What to work on. An exact repetition of the data below, without images, is the expected answer.

Data below.
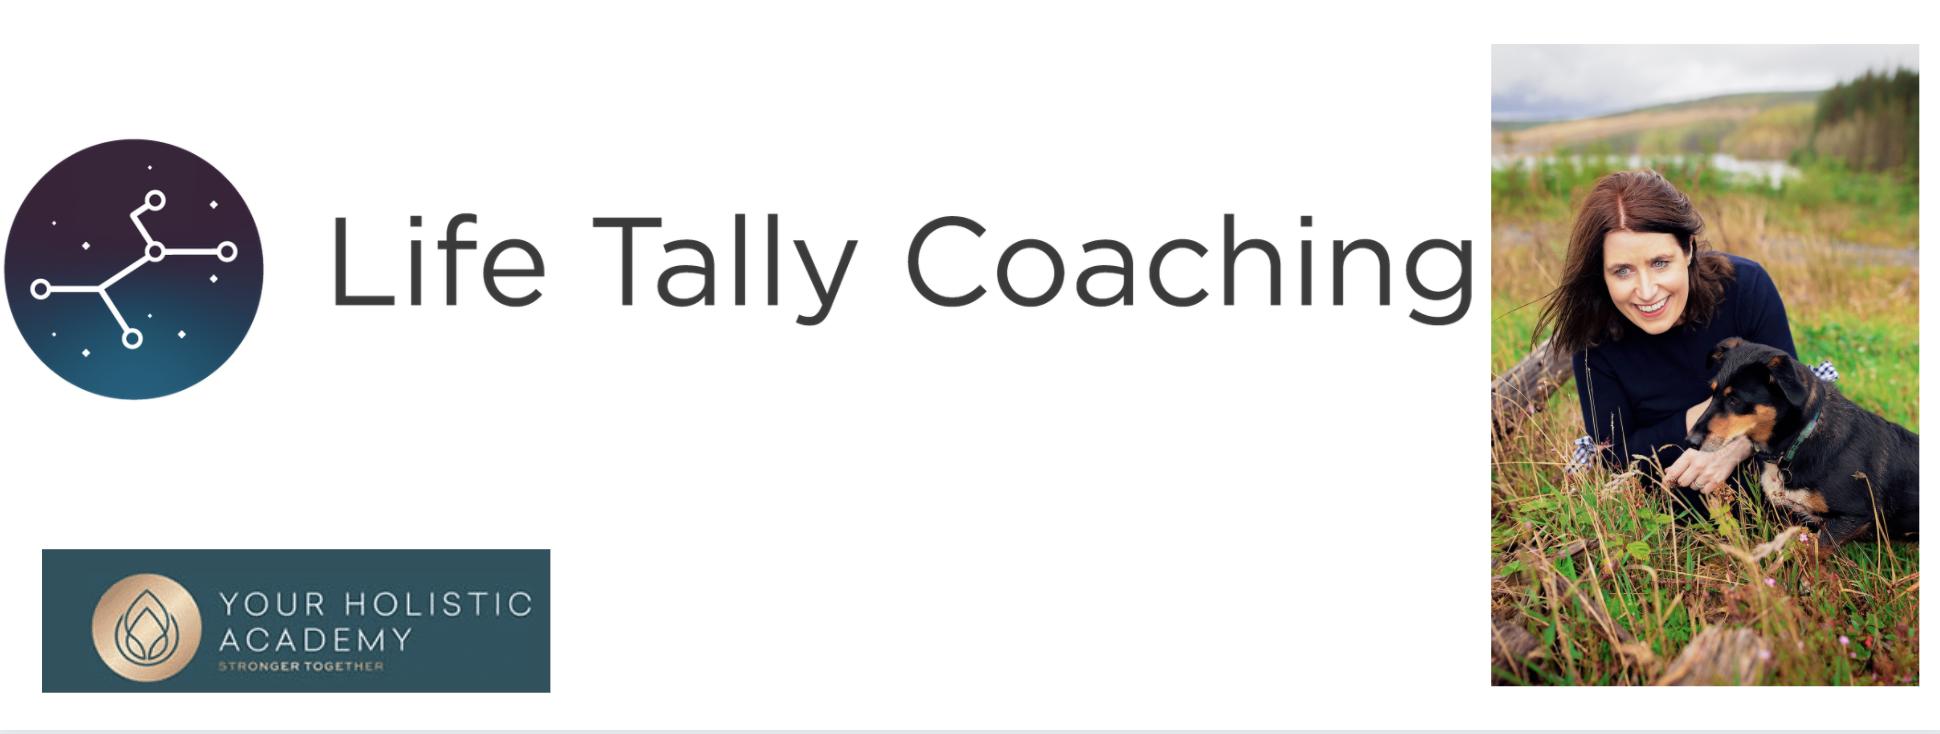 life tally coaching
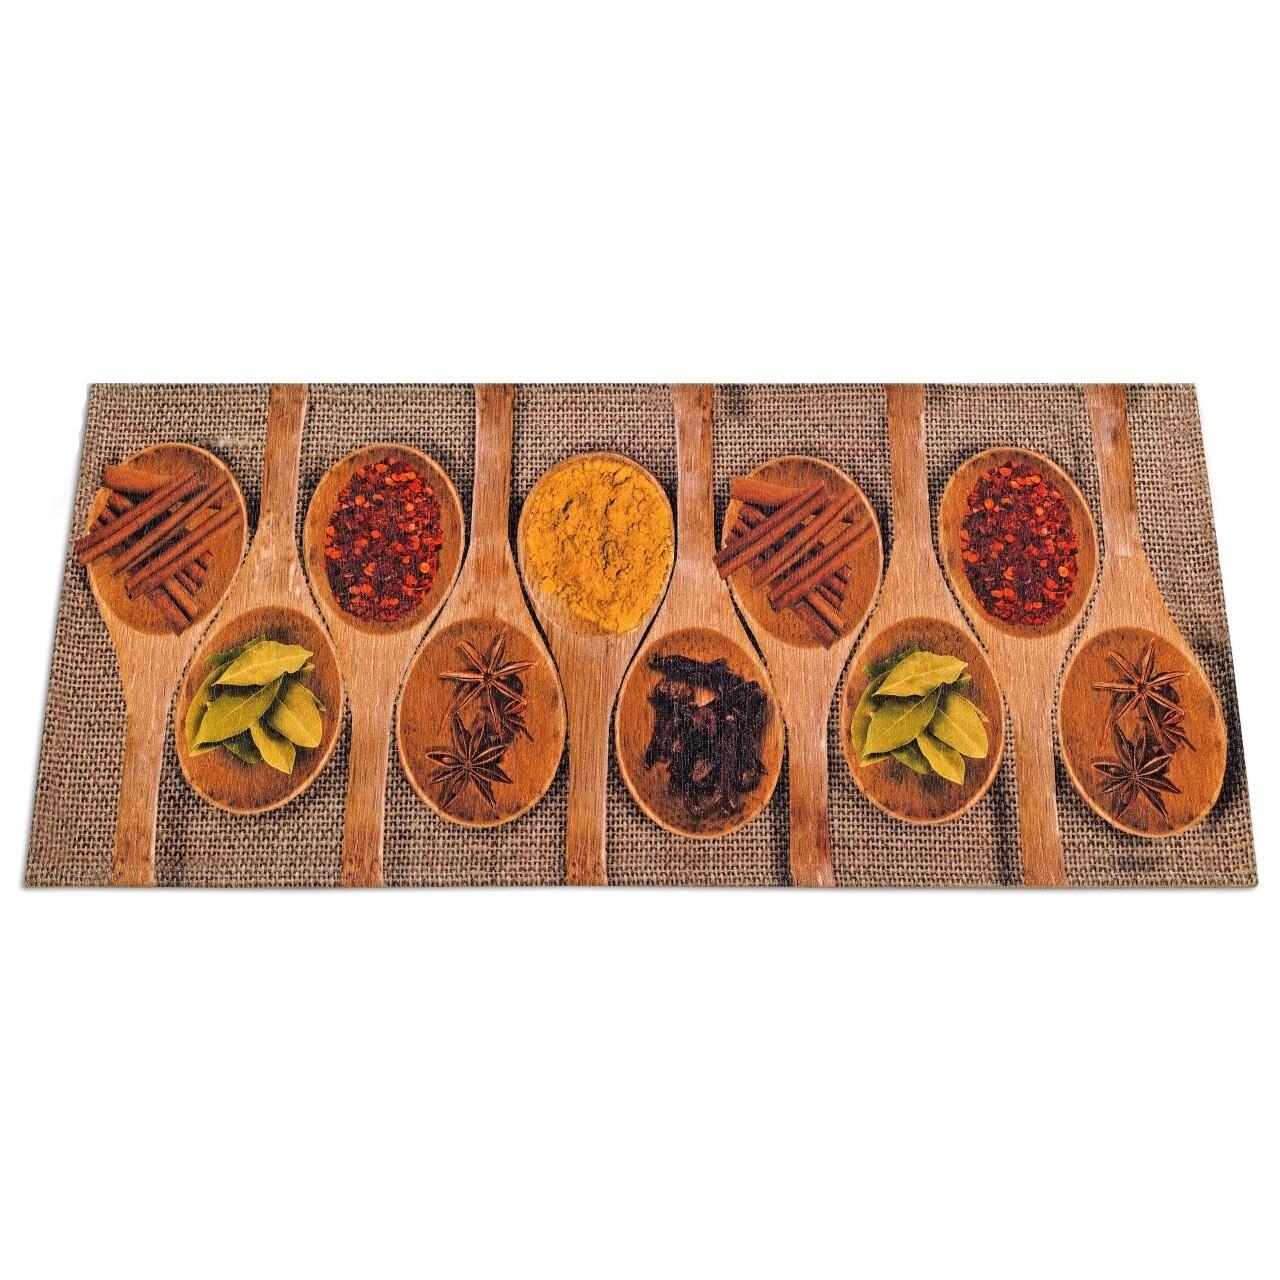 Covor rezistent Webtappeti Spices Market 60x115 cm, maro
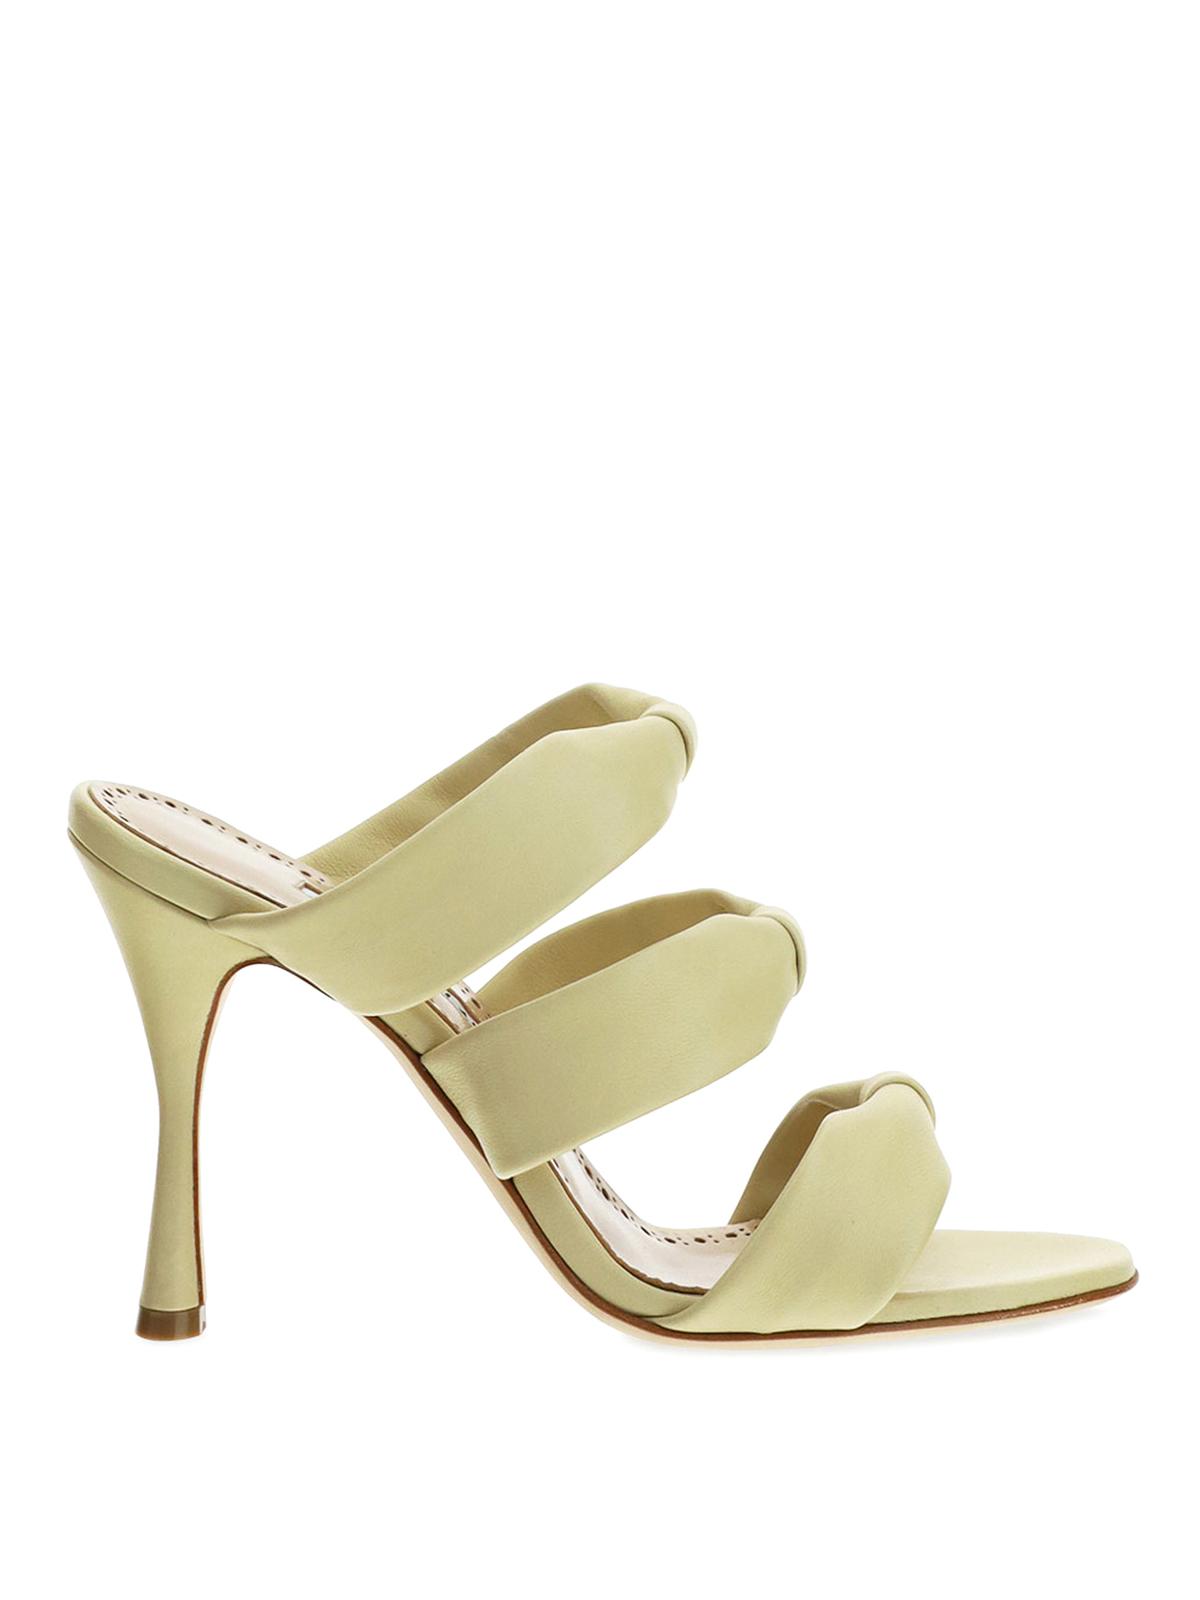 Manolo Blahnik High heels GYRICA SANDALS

Reply to the task.
 life tally coaching
 Covor rezistent Webtappeti Spices Market 60x115 cm, maro
 Manolo Blahnik High heels GYRICA SANDALS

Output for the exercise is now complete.